1/2 pound unsalted butter, at room temperature
1/2 pound cream cheese, at room temperature
1/2 teaspoon sea salt
2 cups sifted all purpose flour


1. In a large bowl of electric mixer, cream butter and cheese until completely blended and smooth. Beat in salt, and on low speed, add flour. When the dough is smooth, flour hands and form dough into a short fat roll. Cut roll in three (3) equal pieces. Form each piece into a round about 12 inches in diameter. Cut roll into 3 equal pieces and form each piece into a round ball, flatten to a disc and wrap each piece in plastic wrap. Refrigerate overnight.

Heat oven to 350 degrees F., and cover cookie sheets with heavy-duty aluminum foil, shiny side down.

2. Roll each piece of dough to a 12-inch-diameter round. Melt 3 tablespoons unsalted butter to brush over the rounds. Spread with preserves or conserves of your choice and sprinkle them with chopped nuts. Or, you can add cinnamon and sugar to the nuts, and sprinkle them evenly over the rounds. Cut each circle in 12 wedges, like a pie, and roll up into crescents. [You can also roll the dough out into a long rectangle and roll it up and slice into about 1 1/4-inch chunks.]

3. Brush with a glaze made of 1 egg yolk mixed with 1 teaspoon water.

4. Bake for about 12 minutes, or until golden, in the preheated oven.

YUM! Thanks ChefJune. The orange zest sounds delish. Copied & saved. Thank you. :)

Have you tried a filling of chocolate & nuts? It's to die for. Careful when the chocolate is hot though.
 
On her Thanksgiving visit, my sister brought along a batch of Rugelach, which I remembered vaguely from childhood, but had almost forgotten.
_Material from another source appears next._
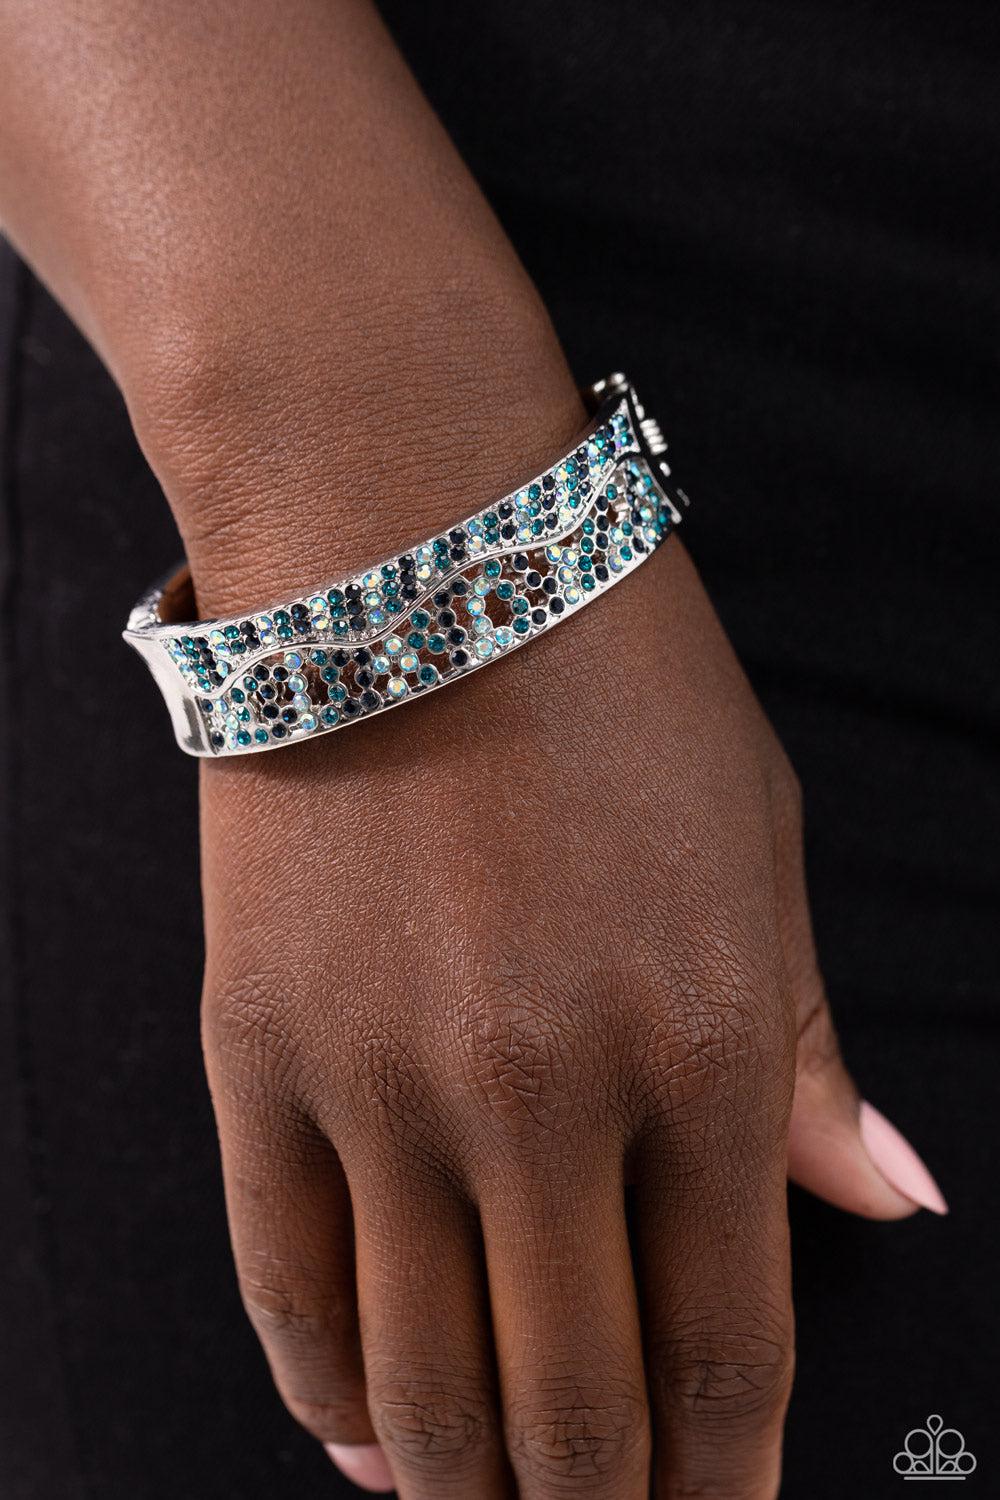 Wavy Whimsy Blue Rhinestone Bracelet - Paparazzi Accessories- lightbox - CarasShop.com - $5 Jewelry by Cara Jewels

I have only one left, and I hesitate to eat it, because...well, all gone and so darned good.

She referred me to epicurious.com, specifically to Lara Brody's recipe, which she says (and she has a fair amount of experience with this pastry) is the best she has found. It is a fair amount of work, but the results (I am a witness) are wonderful. Authentic? I can't say, but it sure seems like haimish to me ;)!

Thank you robgrave. Will go check it out. They are delish; and remember it took the better part of a day to make when I helped (more watched, lol), grandma make them.
 
YUM! Thanks ChefJune. The orange zest sounds delish. Copied & saved. Thank you. :)

Have you tried a filling of chocolate & nuts? It's to die for. Careful when the chocolate is hot though.
I've eaten the chocolate ones, but I don't make those because I like the fruit ones best... :)
 
I've eaten the chocolate ones, but I don't make those because I like the fruit ones best... :)

It's all good. ;) So now I'm thinking of a few different combos... Like your orange zest idea - maybe semi-sweet chocolate chips, orange zest, & nuts (pecans, walnuts, almonds, hazelnuts).

Or, if you like the fruit fillings (I do too) - how about cranberries, and nuts (& cream cheese).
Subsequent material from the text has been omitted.